What people zeroed in on was how limited and selective these controls really are. Several comments pointed out that being on the Entity List does not mean a company disappears. It mostly cuts off US sellers and service providers, while purchases from the listed company can still continue. Others added that
GPU controls already leak through resellers and neighboring countries, so the policy often raises costs rather than shutting access down. That made the DeepSeek question look less like a clean security decision and more like industrial policy by other means.

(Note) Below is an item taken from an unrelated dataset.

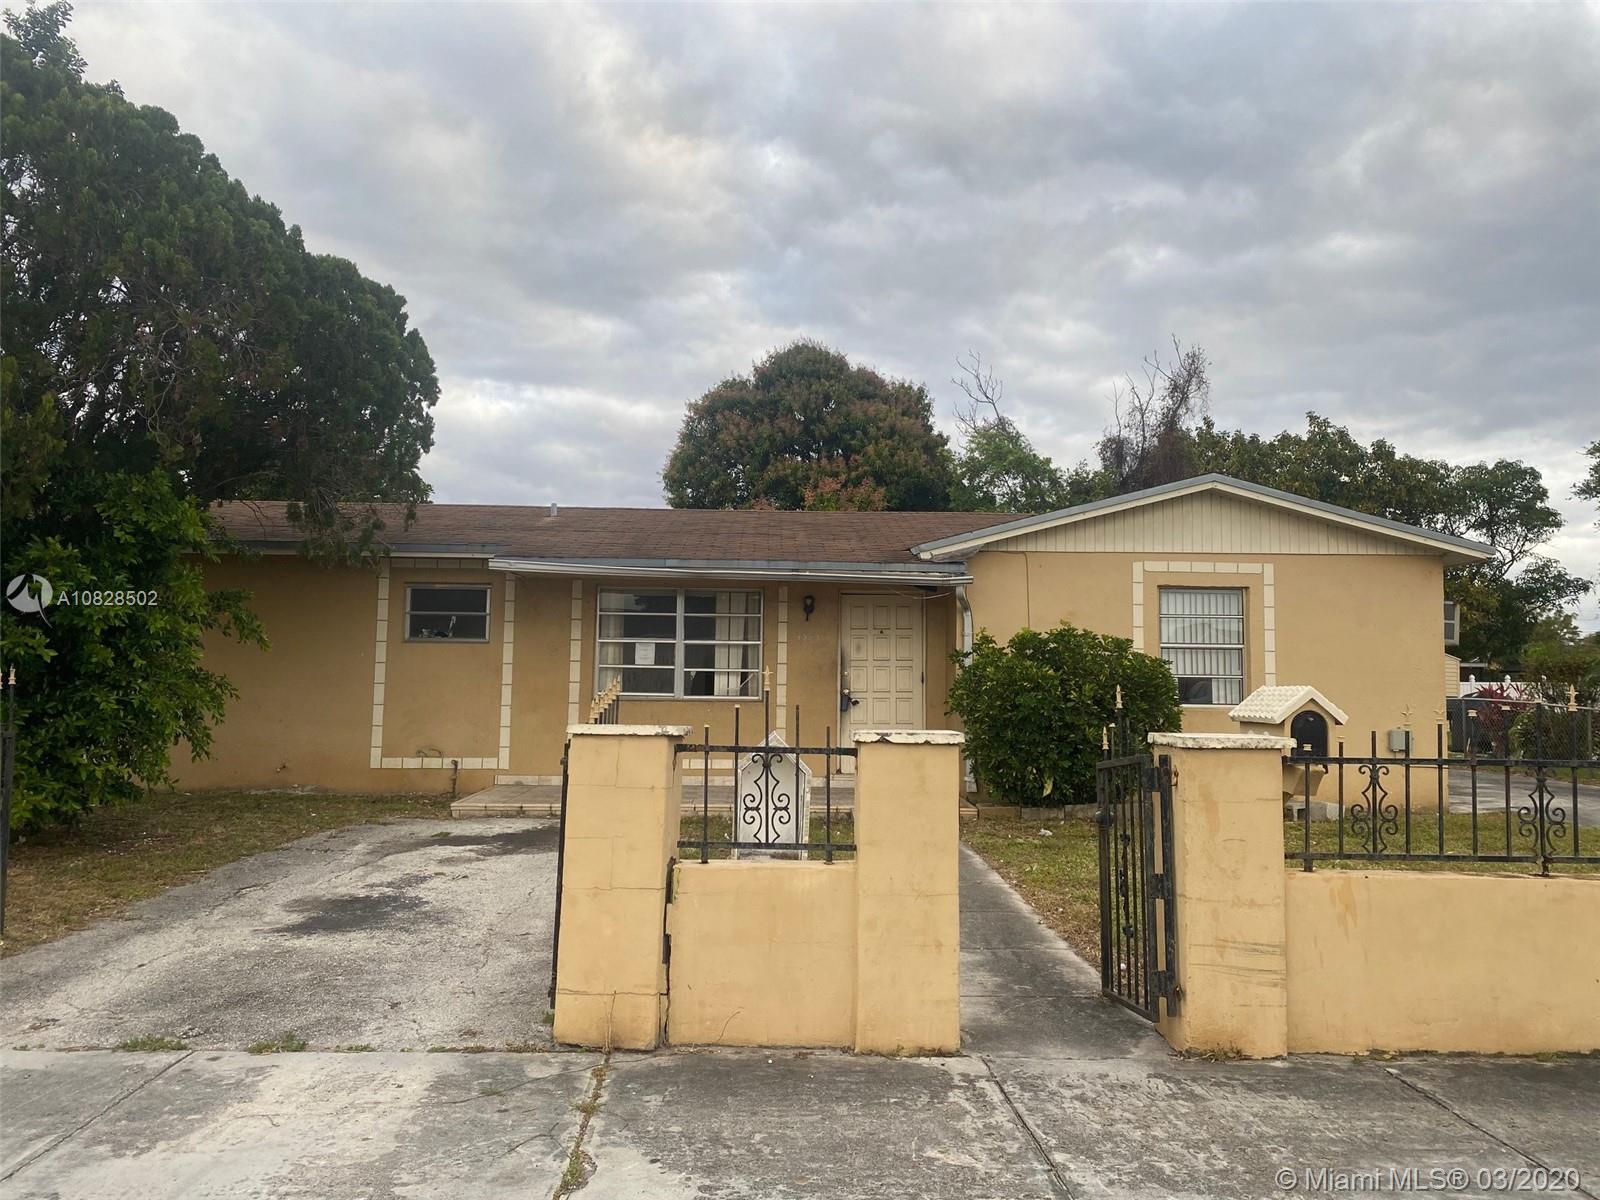 4525 NW 180th St, Miami Gardens, FL 33055 - Miami Gardens, FL real estate listing

The strongest consensus was that cheap Chinese models are puncturing the economics of US frontier labs. Many users said DeepSeek is good enough for coding help and routine development work at a tiny fraction of Claude or GPT pricing. That made the blacklist debate feel to them like an attempt to create an artificial moat around expensive US APIs. At the same time, plenty of commenters drew a distinction between Chinese model providers and Chinese models. The safer route, in their view, is to self-host or use third-party infrastructure outside China. That framing matters because it turns the issue from "use DeepSeek or not" into "where do you run the weights and who sees your prompts."
Another theme was hypocrisy around
IP and model
distillation. Reuters cited claims that DeepSeek and other Chinese labs extracted capabilities from Claude. The reaction was blunt. If US labs trained on huge swaths of copyrighted material and defend that as normal learning, they have weak moral standing to call model-output scraping illicit. The more practical point underneath the dunking was that model outputs are becoming training data and pricing pressure is becoming strategic. Cheap
open-weight releases do not just win customers. They commoditize
inference and shift value away from the labs trying to own the model layer.
The mood was hostile to the blacklist idea overall, though not especially pro-CCP. A lot of people simply do not trust either government and see monopoly prevention, lower prices, and local deployment as the useful frame. The clearest throughline was that AI is moving into the same bucket as chips, cars, and telecom gear. Once that happens, "national security" becomes the language used to decide who gets market access, who captures margin, and which parts of the stack stay open.